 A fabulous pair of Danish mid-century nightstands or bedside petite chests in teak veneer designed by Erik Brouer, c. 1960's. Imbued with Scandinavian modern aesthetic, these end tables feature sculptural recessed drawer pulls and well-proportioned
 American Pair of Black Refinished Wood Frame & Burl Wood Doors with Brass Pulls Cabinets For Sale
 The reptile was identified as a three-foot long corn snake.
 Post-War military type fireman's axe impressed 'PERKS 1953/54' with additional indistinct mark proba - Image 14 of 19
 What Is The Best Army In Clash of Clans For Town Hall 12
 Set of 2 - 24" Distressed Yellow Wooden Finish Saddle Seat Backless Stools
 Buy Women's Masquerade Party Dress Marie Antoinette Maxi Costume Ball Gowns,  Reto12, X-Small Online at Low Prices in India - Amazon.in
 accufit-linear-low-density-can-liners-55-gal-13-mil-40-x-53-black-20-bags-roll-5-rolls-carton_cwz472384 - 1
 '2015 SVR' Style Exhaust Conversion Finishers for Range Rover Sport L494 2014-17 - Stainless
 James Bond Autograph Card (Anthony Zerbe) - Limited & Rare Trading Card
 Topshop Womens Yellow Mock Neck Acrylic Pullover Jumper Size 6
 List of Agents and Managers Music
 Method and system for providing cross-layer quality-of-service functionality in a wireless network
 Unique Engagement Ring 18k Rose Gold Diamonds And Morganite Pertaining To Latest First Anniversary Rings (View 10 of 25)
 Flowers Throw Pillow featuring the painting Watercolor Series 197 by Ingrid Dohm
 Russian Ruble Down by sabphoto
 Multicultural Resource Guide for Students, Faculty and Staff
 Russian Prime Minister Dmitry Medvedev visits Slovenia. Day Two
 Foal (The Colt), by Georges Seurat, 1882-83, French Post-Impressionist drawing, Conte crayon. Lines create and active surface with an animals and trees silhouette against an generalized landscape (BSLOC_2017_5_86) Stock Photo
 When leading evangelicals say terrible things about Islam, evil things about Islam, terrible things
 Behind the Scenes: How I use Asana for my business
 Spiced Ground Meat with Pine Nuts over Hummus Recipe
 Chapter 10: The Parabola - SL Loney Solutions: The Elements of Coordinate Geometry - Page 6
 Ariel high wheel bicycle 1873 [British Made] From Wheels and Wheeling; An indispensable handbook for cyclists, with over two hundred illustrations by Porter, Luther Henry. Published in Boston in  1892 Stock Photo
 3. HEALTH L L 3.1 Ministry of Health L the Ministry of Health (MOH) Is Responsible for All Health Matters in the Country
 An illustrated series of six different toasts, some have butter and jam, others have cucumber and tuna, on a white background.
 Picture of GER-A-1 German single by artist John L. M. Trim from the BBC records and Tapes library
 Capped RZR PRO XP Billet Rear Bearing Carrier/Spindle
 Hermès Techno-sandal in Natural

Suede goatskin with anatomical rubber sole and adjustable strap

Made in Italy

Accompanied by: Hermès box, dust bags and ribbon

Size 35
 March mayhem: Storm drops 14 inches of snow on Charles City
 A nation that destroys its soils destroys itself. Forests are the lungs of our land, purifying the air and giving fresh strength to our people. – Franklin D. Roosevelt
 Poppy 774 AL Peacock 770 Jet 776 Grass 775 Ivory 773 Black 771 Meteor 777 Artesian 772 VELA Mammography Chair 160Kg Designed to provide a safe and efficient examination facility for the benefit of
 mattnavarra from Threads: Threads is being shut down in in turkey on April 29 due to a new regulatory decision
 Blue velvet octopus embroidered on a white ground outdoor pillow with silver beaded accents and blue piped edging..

····················

What is needed → Copy the material above word for word, taking the first line, the line containing "American Pair of", and every line between them, and nothing else.

Exercise answer →
 A fabulous pair of Danish mid-century nightstands or bedside petite chests in teak veneer designed by Erik Brouer, c. 1960's. Imbued with Scandinavian modern aesthetic, these end tables feature sculptural recessed drawer pulls and well-proportioned
 American Pair of Black Refinished Wood Frame & Burl Wood Doors with Brass Pulls Cabinets For Sale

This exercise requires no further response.